A little background on sales for most cruise operators. There are two revenue channels: Travel agents partners (OTAs) and DTC (online sales). I oversaw the creative marketing for the DTC channel. For OTA partners, the sales marketing was created by a different internal group responsible for agent outreach and relationship management. They had a lot previous cruise experience and went in a decidedly more traditional cruise-marketing direction (the type of creative I fought very hard to keep out of the DTC channel). These decisions were more instinctive, based on previous cruise experience without regard to changing dynamics of the marketplace.

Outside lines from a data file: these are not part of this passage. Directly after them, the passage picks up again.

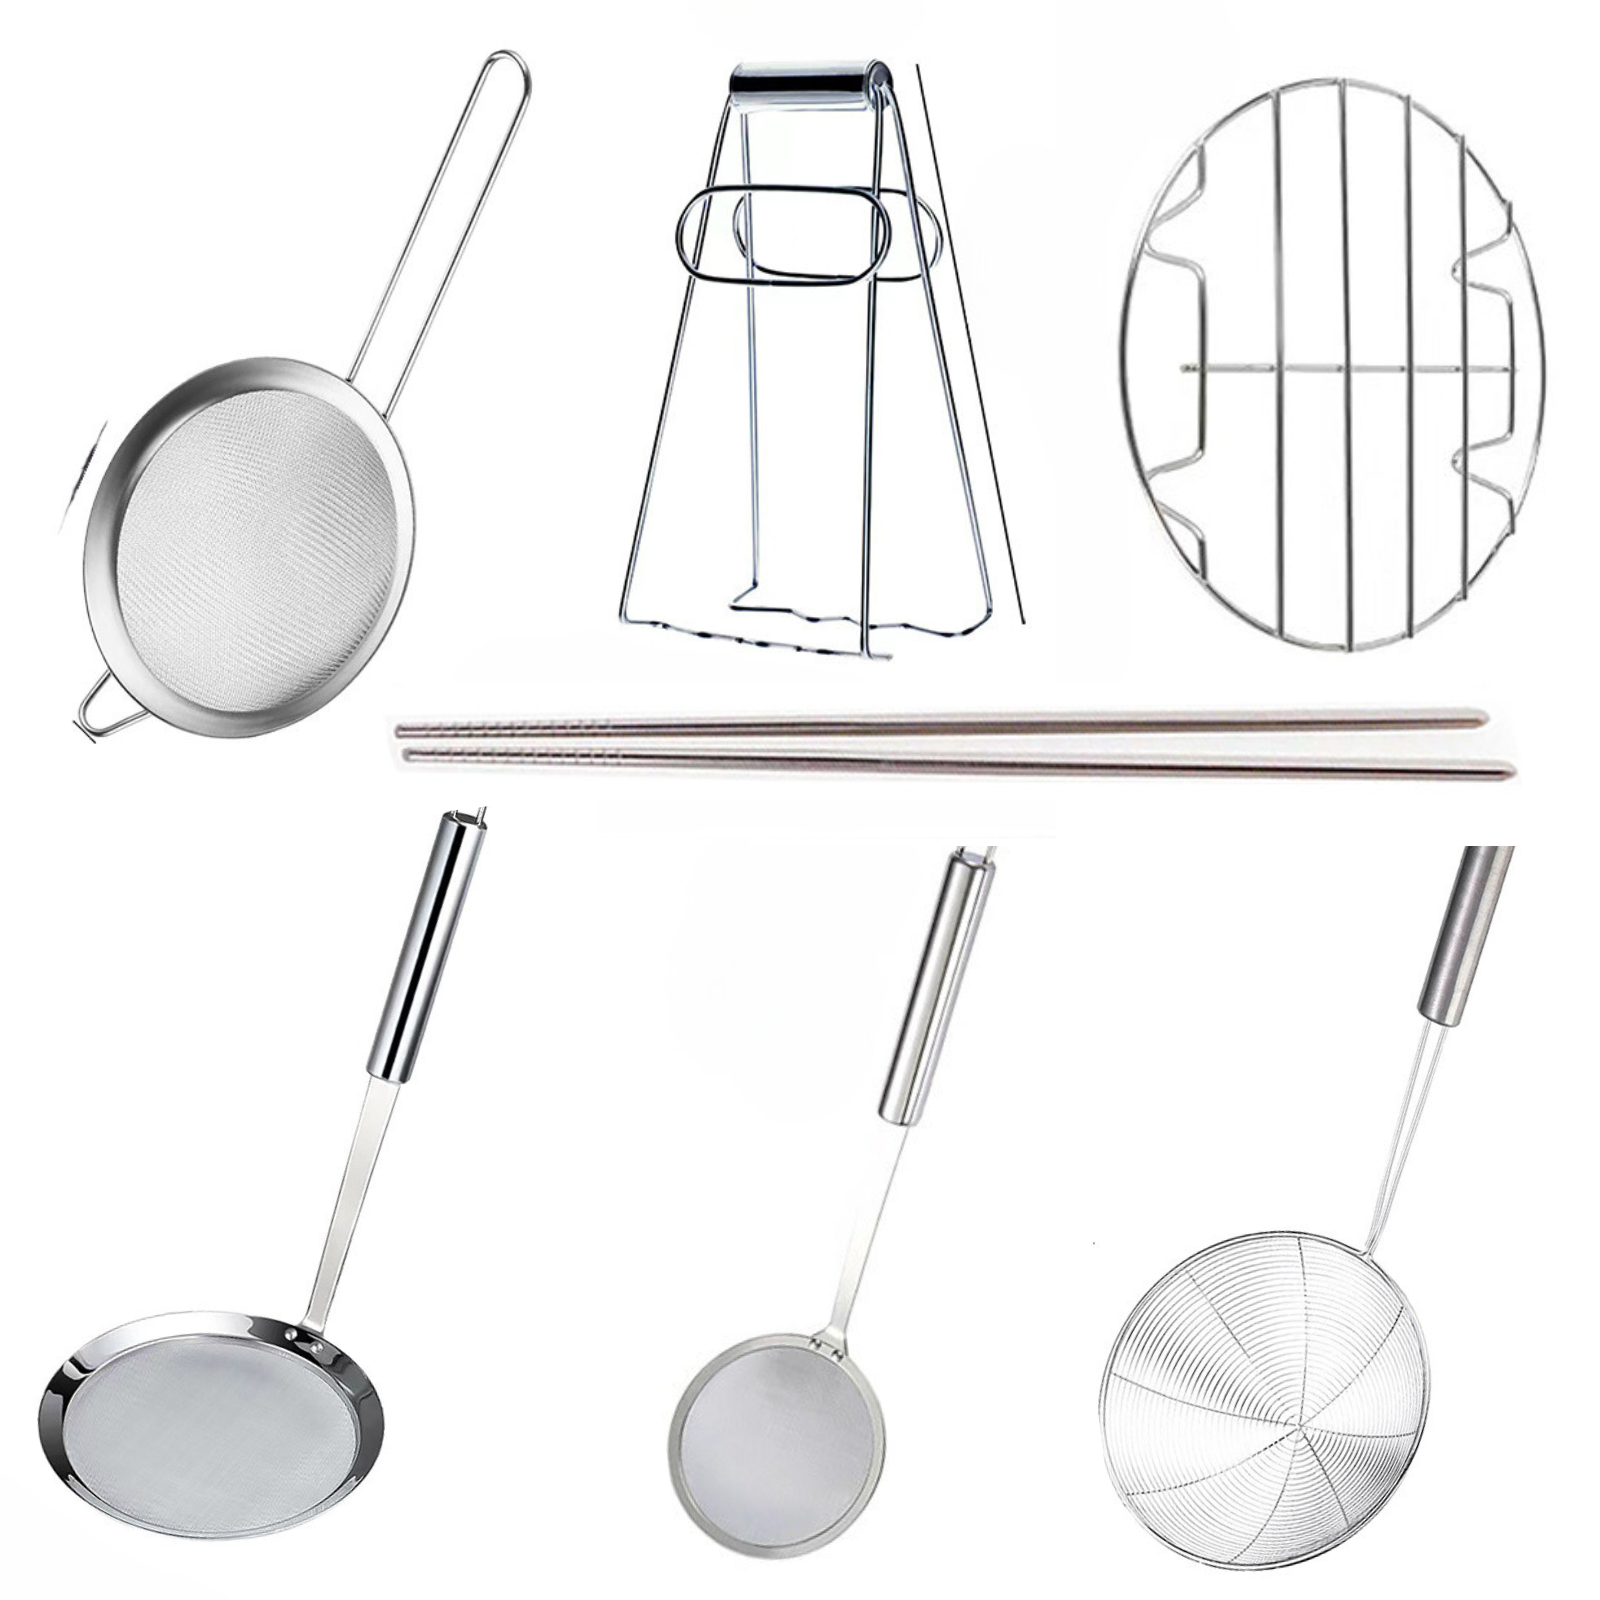 NOW  Collections: Chinese Cooking Tools
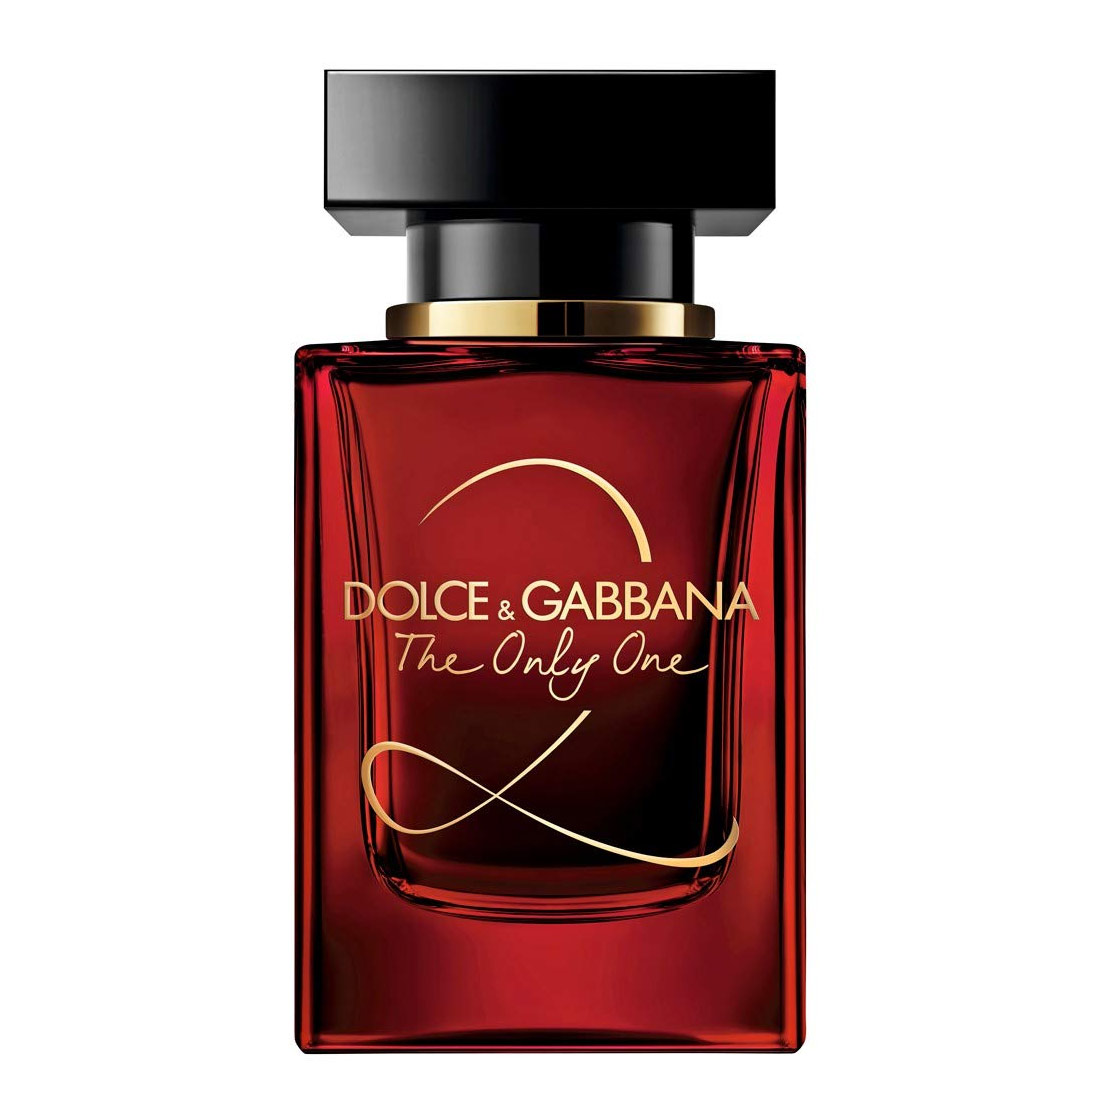 DandG-The-Only-One-2-Dolce-and-Gabbana
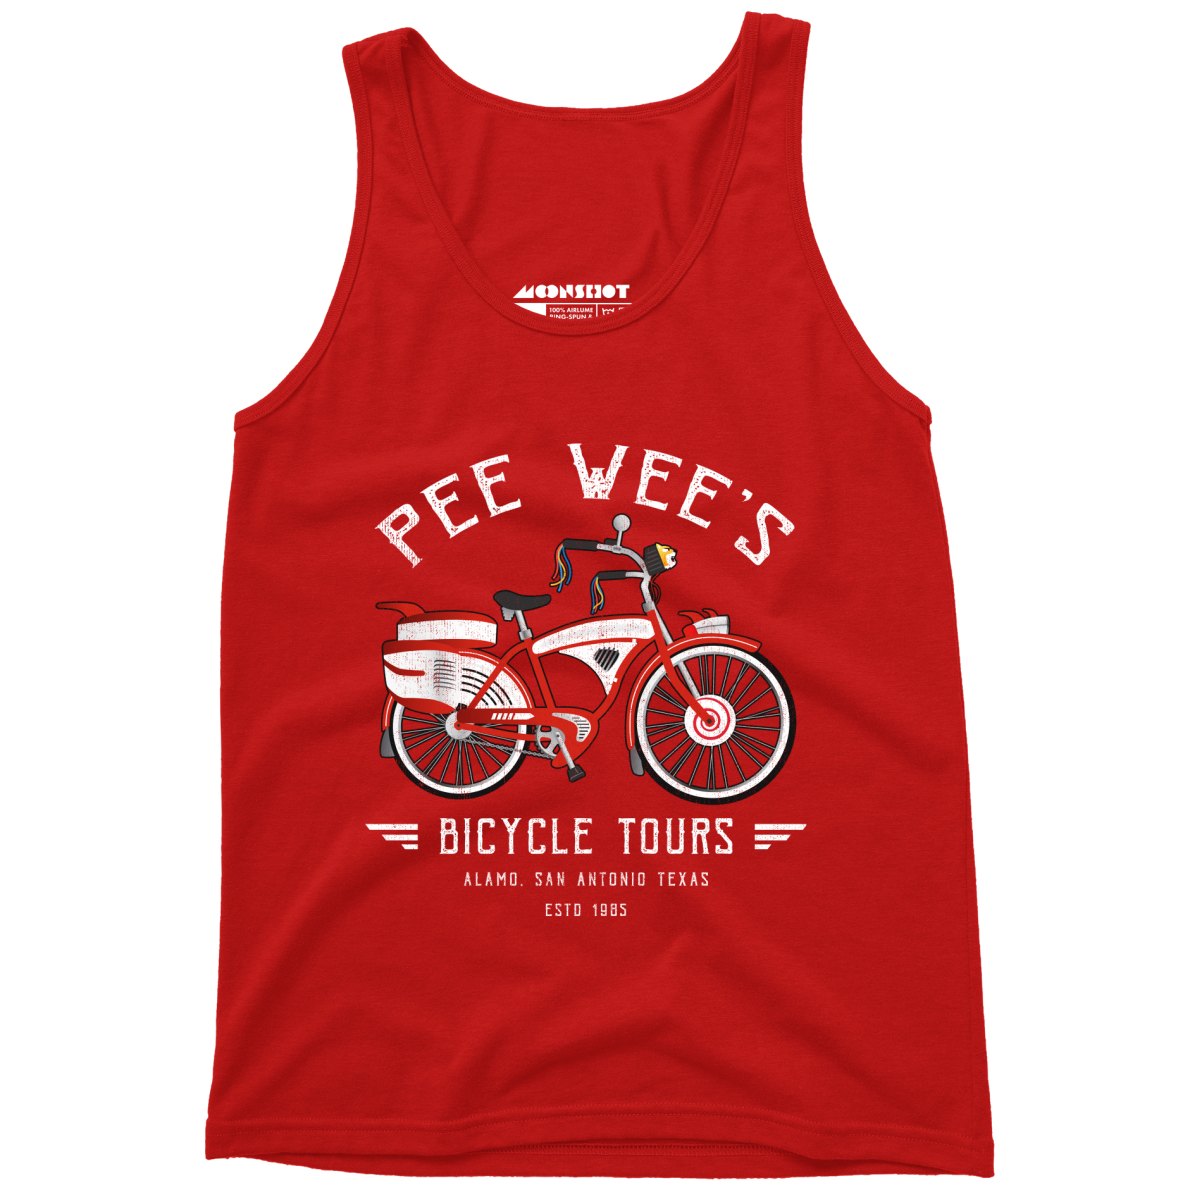 Pee Wee's Bicycle Tours - Unisex Tank Top

Heading into sales launch, the first year projections were 70% OTA, 30% DTC (the projection reflects an industry number but also with an internal theory that OTA’s personal connections would make them more successful at selling a product from a new and yet unproven cruise brand).

The actuals were more or less flipped. At launch, 80% came through DTC and held steady for the remainder of the year, contributing 65-70% of sales. Infact, the consumer-facing creative was so much more aspirational and the narrative was simpler to understand that OTAs began using the DTC website and not their dedicated sales site.

There are a couple of lessons here — branding does play a huge role in the success of a company. But also, there are so many micro-testing tools and feedback loops that B2B’s dramatic underperformance is largely avoidable.